Fiber optic lines would be the best I would imagine. The size of the bulb would not matter any more and if you bundle the fibers up you can get many different size lights, rotating colors and the such. The lights could be in the legs of the arches and one bulb or LED could feed about a hundred or so "Lights"

Massey


----------



## seabilliau (Dec 12, 2011)

Massey,
I like that idea of fiber optics. Yeah! I really like that idea especially with only then having a single light source (or two if needed). Do you know of any vendors that would have the equipment to do that? I could easily poke fibers through the foam. Hmmm? 

Big Ed,
If you haven't seen Polar Express I highly encourage you to rent it. It is a kids movie (a pretty good one too), but they do an excellent job of conveying the awesome power of a Berkshire loco through film. I love to watch it with the kids just to see the outdoor train scenes. It's worth seeing just for that. I believe they actually modeled the train exactly after the 1225 Berkshire in Michigan, the Nickel Plate something?

Also, here is a sketch of my idea. It will cover the 4x4 section of my layout. Due to a stanchion I had to make two separate tables; an 8x4 and a 4x4. The arch trestle will hold one track and another will run at ground level around the small town scene. The stanchion is shown in the sketch below as a clock tower. My goal is to make the town in the center appear similar to the North ole in the Polar Express, along with the clock tower. That way, come Xmas time all I need to do is put a Christmas tree in the "park" center and the whole scene will resemble the movie. With the tree taken out, it will just look like a nice New England town.
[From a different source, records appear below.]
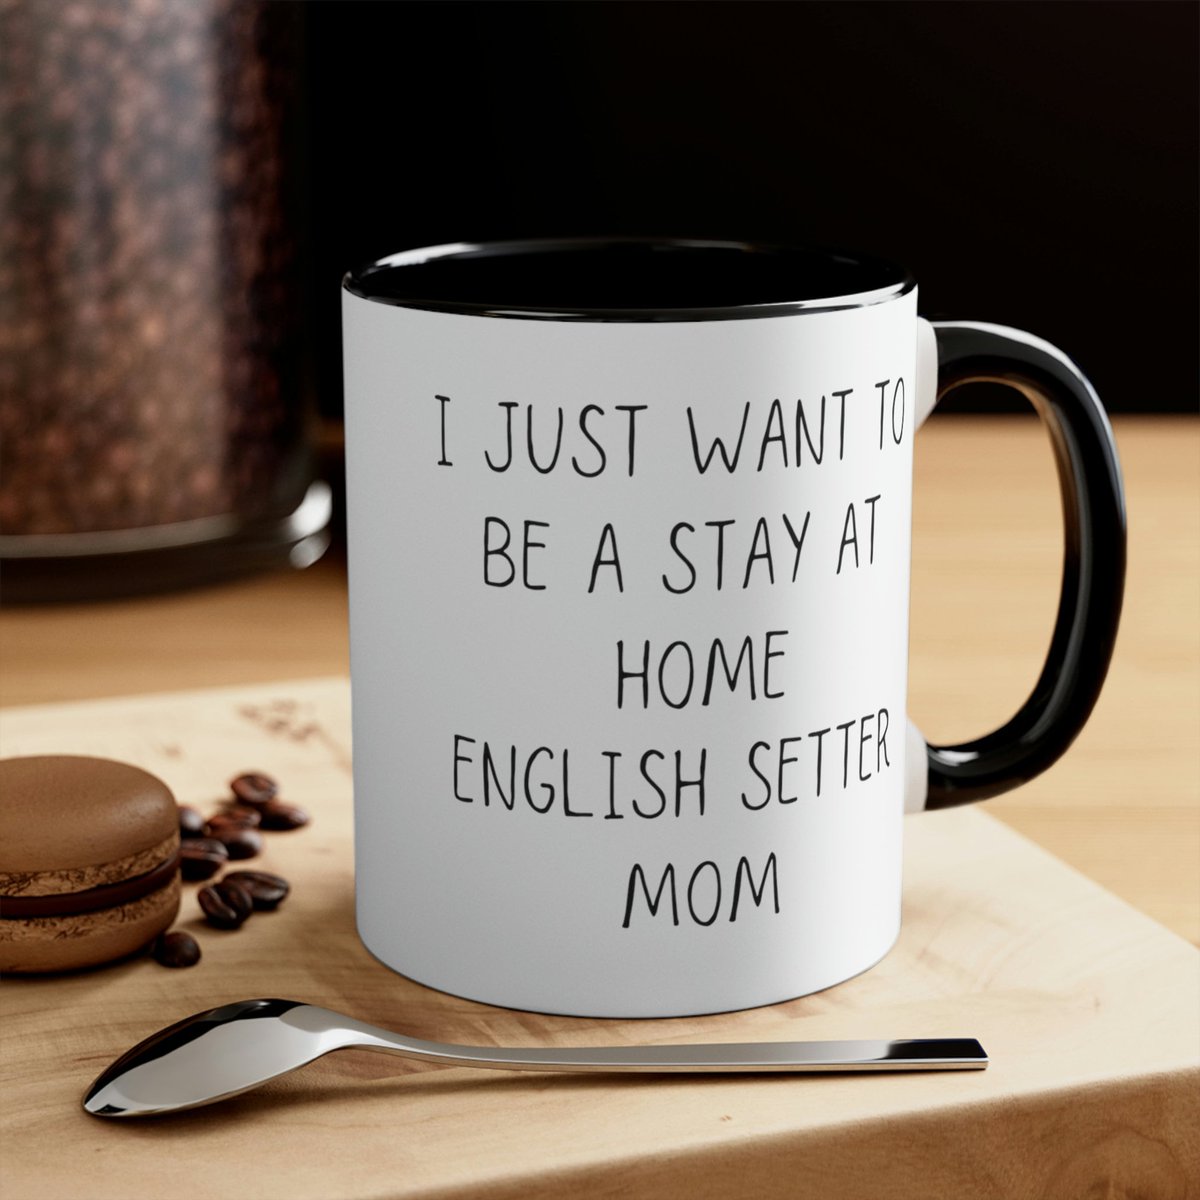 Funny English Setter Mom Gift Mug #englishsetter #englishsetterdog #englishsettergift #settermothersday #englishsettermom #englishsettergift #englishsettermug CLICK HERE TO BUY NOW: etsy.me/3KS0LHN
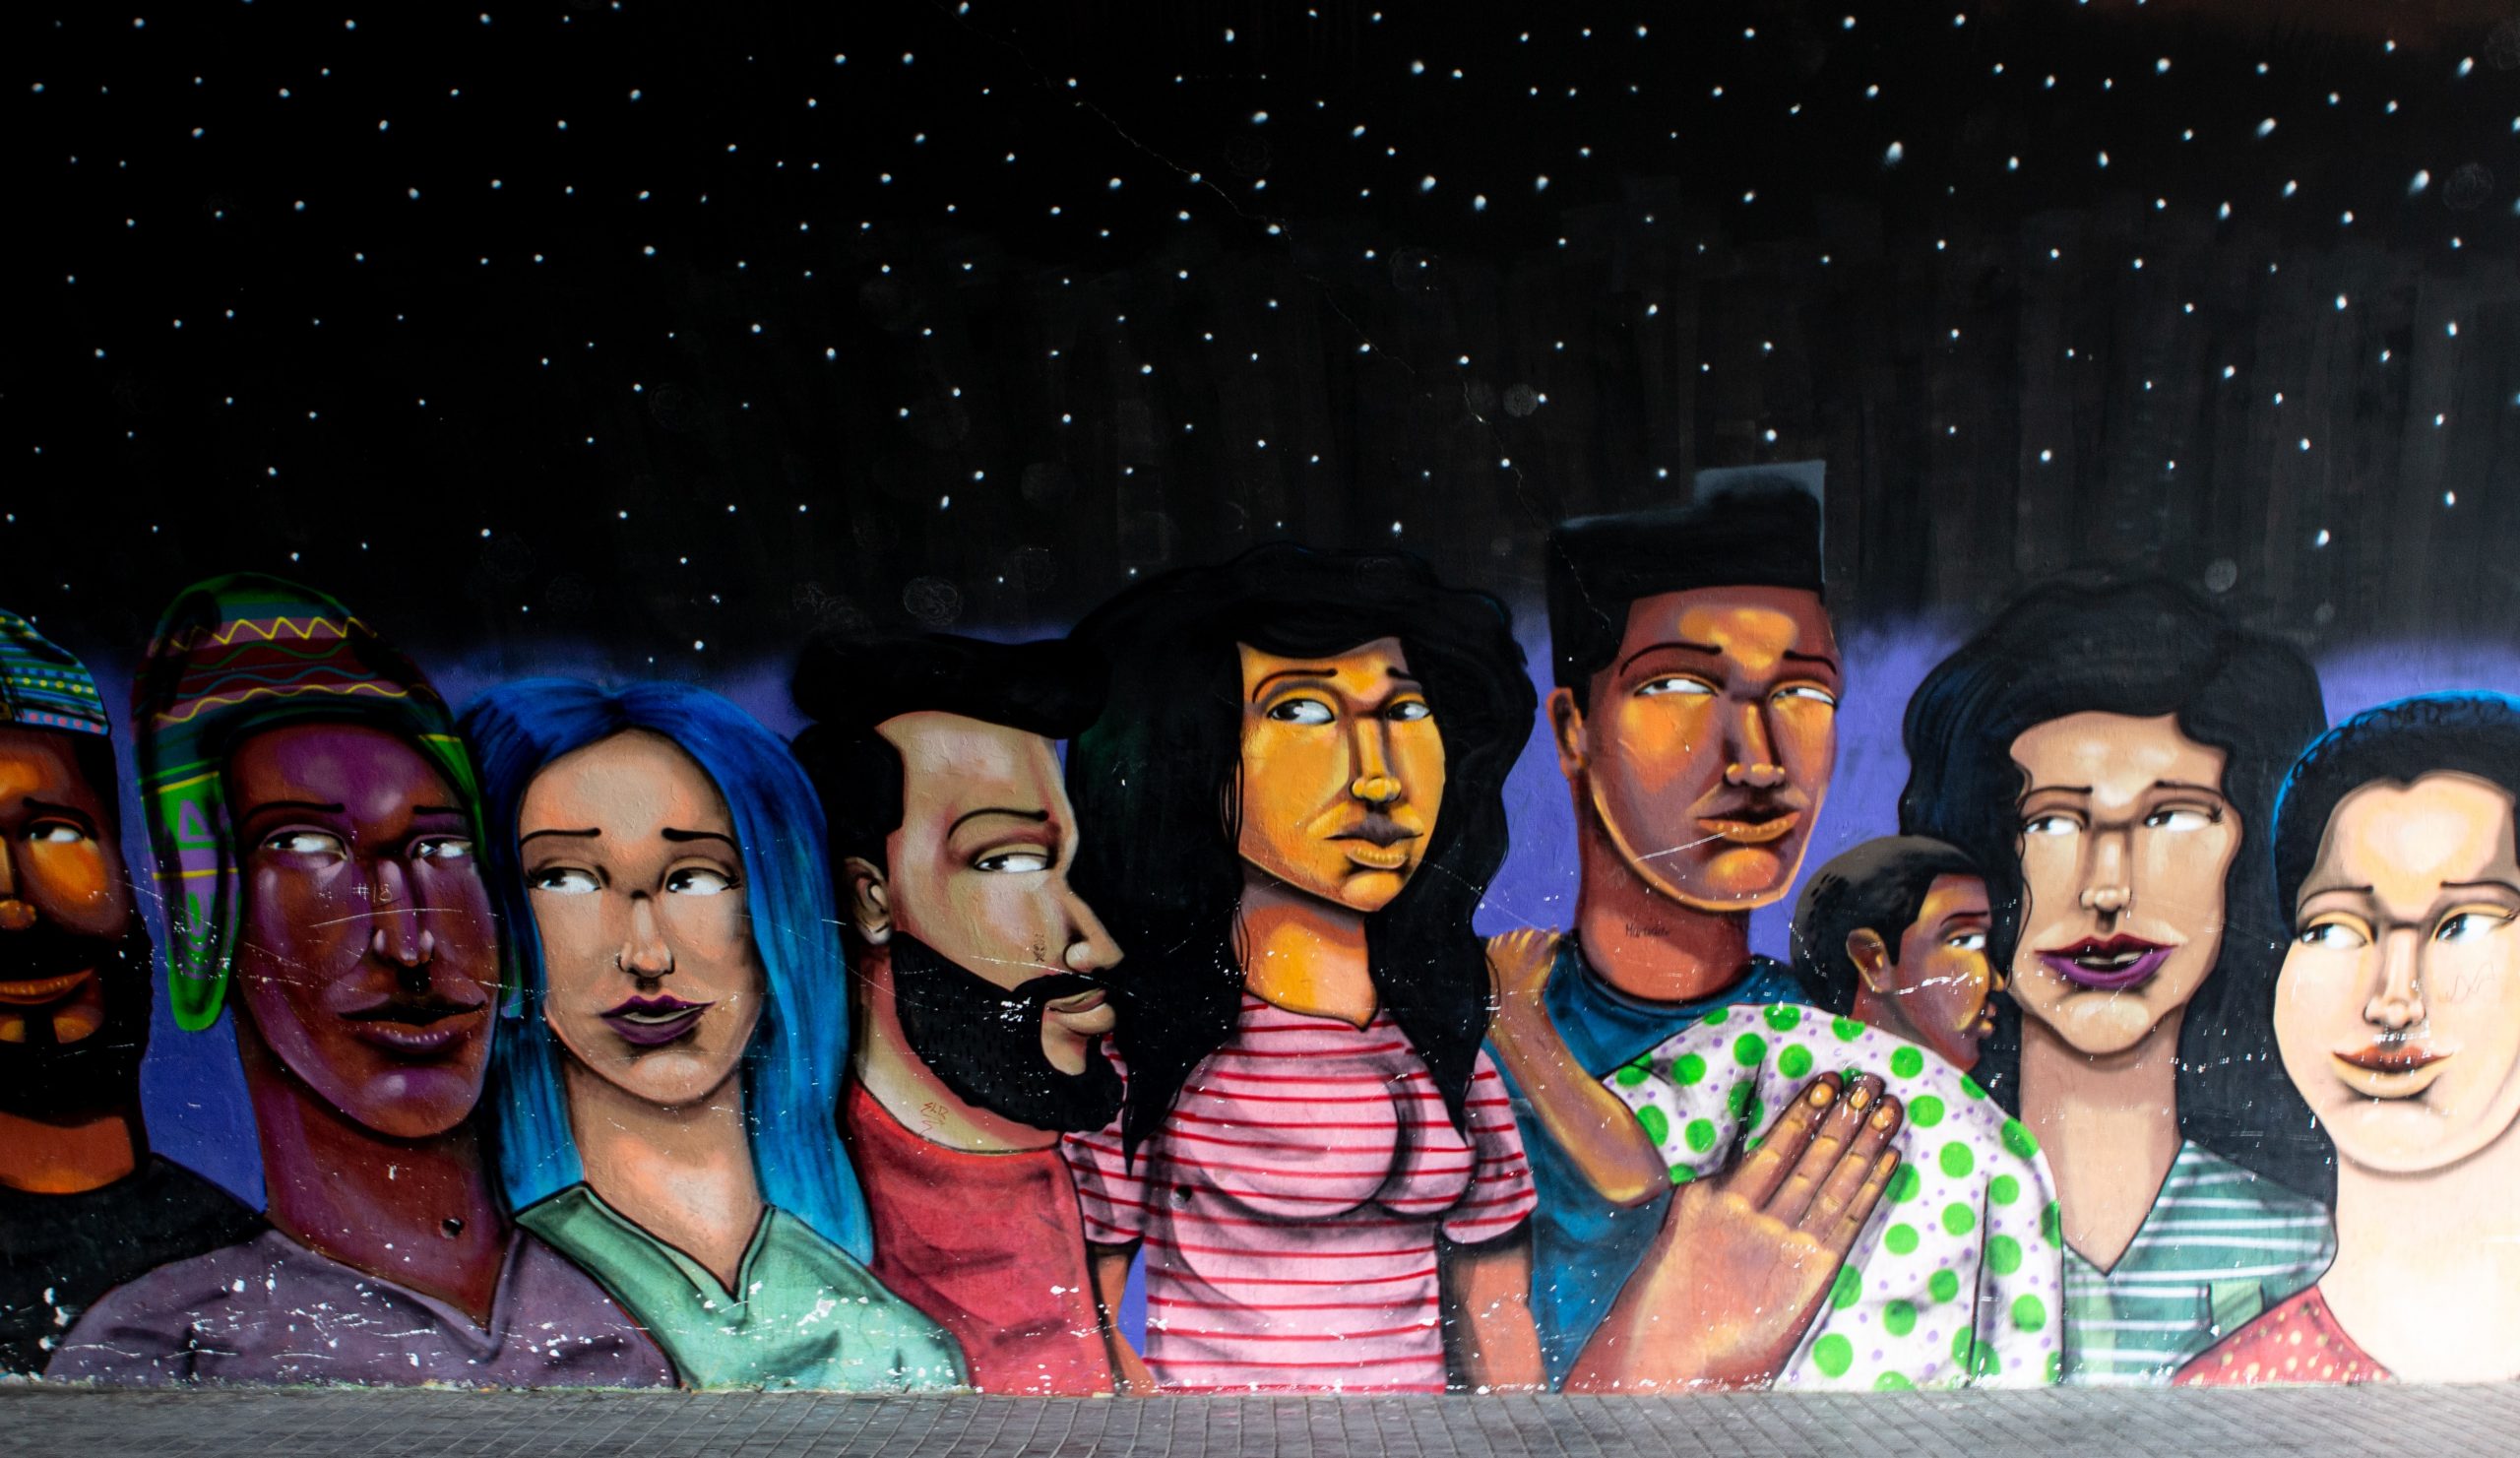 Graffiti art of a diverse group of people
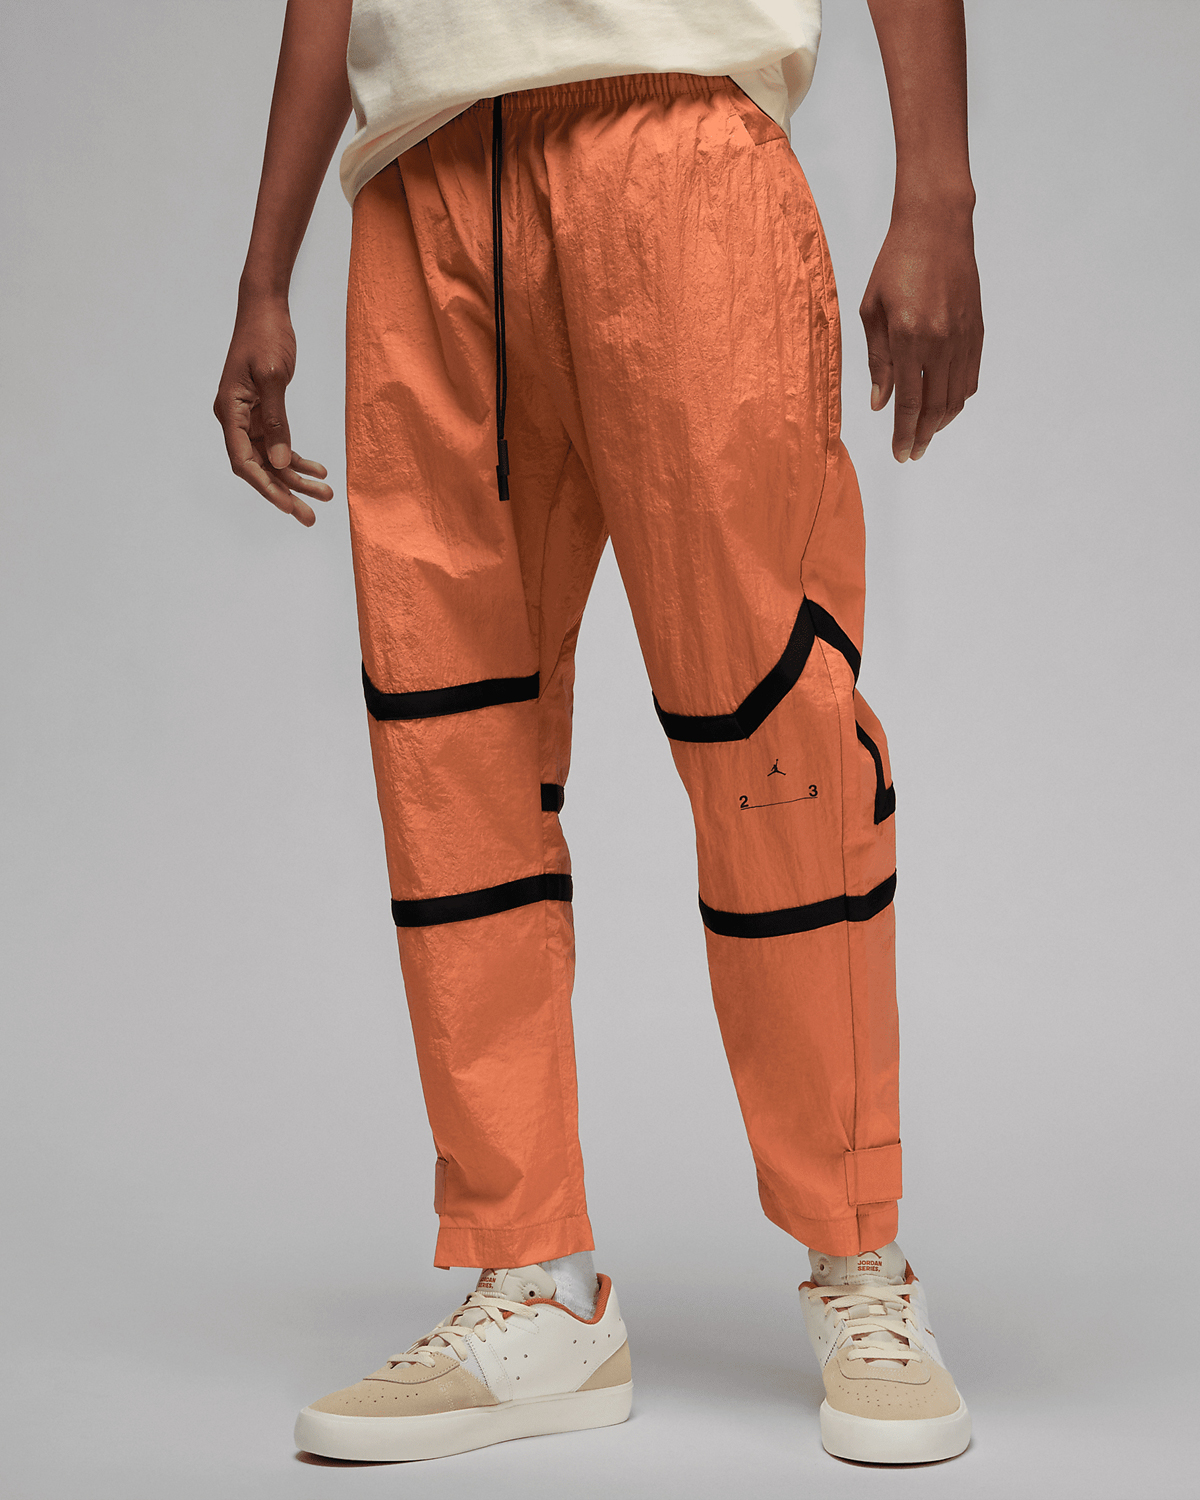 Jordan-23-Engineered-Woven-Pants-Rust-Oxide-Orange
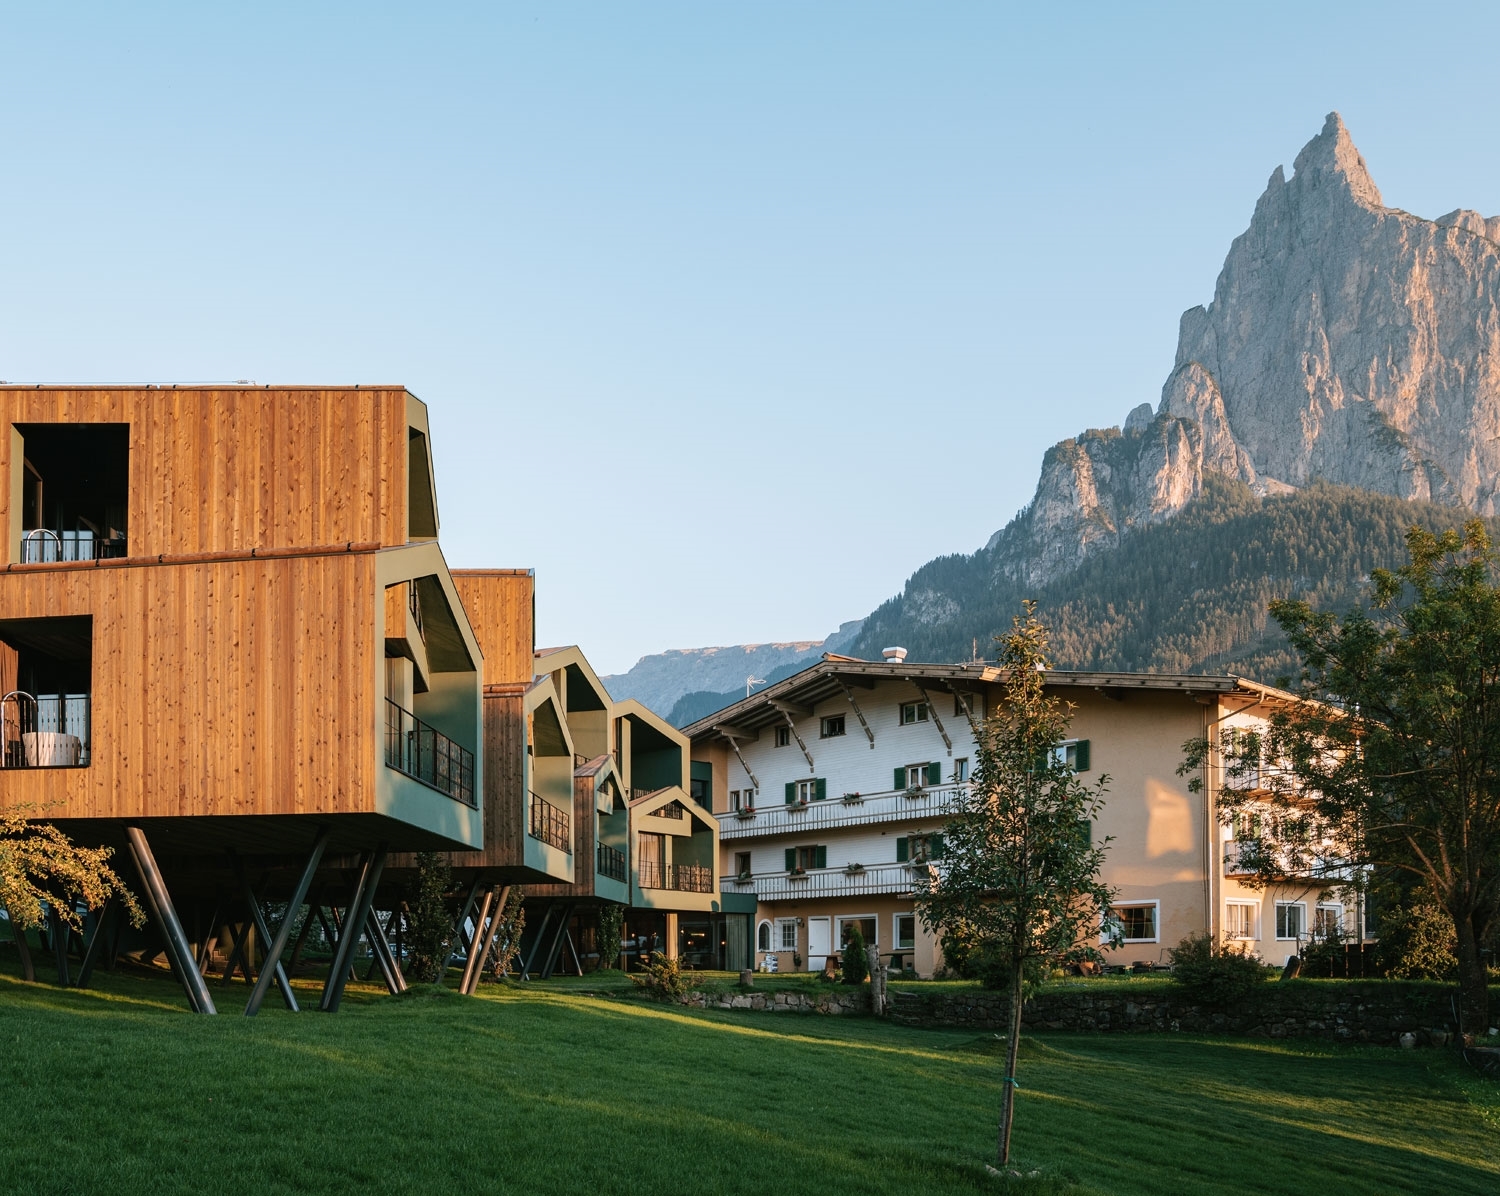 Parc Hotel Florian - Siusi sull’Alpe di Siusi-Sciliar

Also, the clock tower will have working clock faces. This is going to be soooo fun... hard, but fun.


----------



## seabilliau (Dec 12, 2011)

Found one!

http://www.thefiberopticstore.com/FOS-mainpage.htm

Anyone have any experience running 3mm fiber through foam board?:laugh:

Update!!!

LED Light strips!










http://www.ledworldlighting.com/ledstrip.html


----------



## gunrunnerjohn (Nov 10, 2010)

I use LED light strips, but you'll have to work on something to cover the strips themselves. They're also pretty cheap. See several threads in the O-scale forum on lighting passenger cars, I used those strips for that project.


----------



## seabilliau (Dec 12, 2011)

That strip is pretty obvious isn't it? I think I'll have it easy on the arches as I will probably run it on the underside of the arches since it has a 120 degree angle. Going along the sides I will probably put the brick facade on after I place the lights to see if I can cut out, or place in a way to mask that strip. I'll look at other threads to see if I can get any ideas. Thanks.

Found a deal on LED strips at Amazon

http://www.amazon.com/s/ref=bl_sr_h...-brandtextbin=LEDwholesalers LED Strip Lights


----------



## plandis (Oct 5, 2011)

seabilliau said:


> That strip is pretty obvious isn't it? I think I'll have it easy on the arches as I will probably run it on the underside of the arches since it has a 120 degree angle. Going along the sides I will probably put the brick facade on after I place the lights to see if I can cut out, or place in a way to mask that strip. I'll look at other threads to see if I can get any ideas. Thanks.
> 
> Found a deal on LED strips at Amazon
> 
> http://www.amazon.com/s/ref=bl_sr_h...-brandtextbin=LEDwholesalers LED Strip Lights


very cool. please post some pics when you get this worked out.


----------



## plandis (Oct 5, 2011)

seabilliau said:


> Massey,
> I like that idea of fiber optics. Yeah! I really like that idea especially with only then having a single light source (or two if needed). Do you know of any vendors that would have the equipment to do that? I could easily poke fibers through the foam. Hmmm?
> 
> Big Ed,
> ...


great movie to watch. yes, Hollywood actually hunted down the 1225 and did some passes with their sound people. the sound you hear in the movie is recording of actual Berk. - it is awesome. listen to it in high power surround. yes, the windows rattle- gave me goosebumps! never get enough of it.


----------



## plandis (Oct 5, 2011)

here are a few videos of the actual PM 1225 BERK
http://youtu.be/_UpWjyWWBEI
http://youtu.be/gYtpgx5-X8c
http://youtu.be/YksBHPR62j0


----------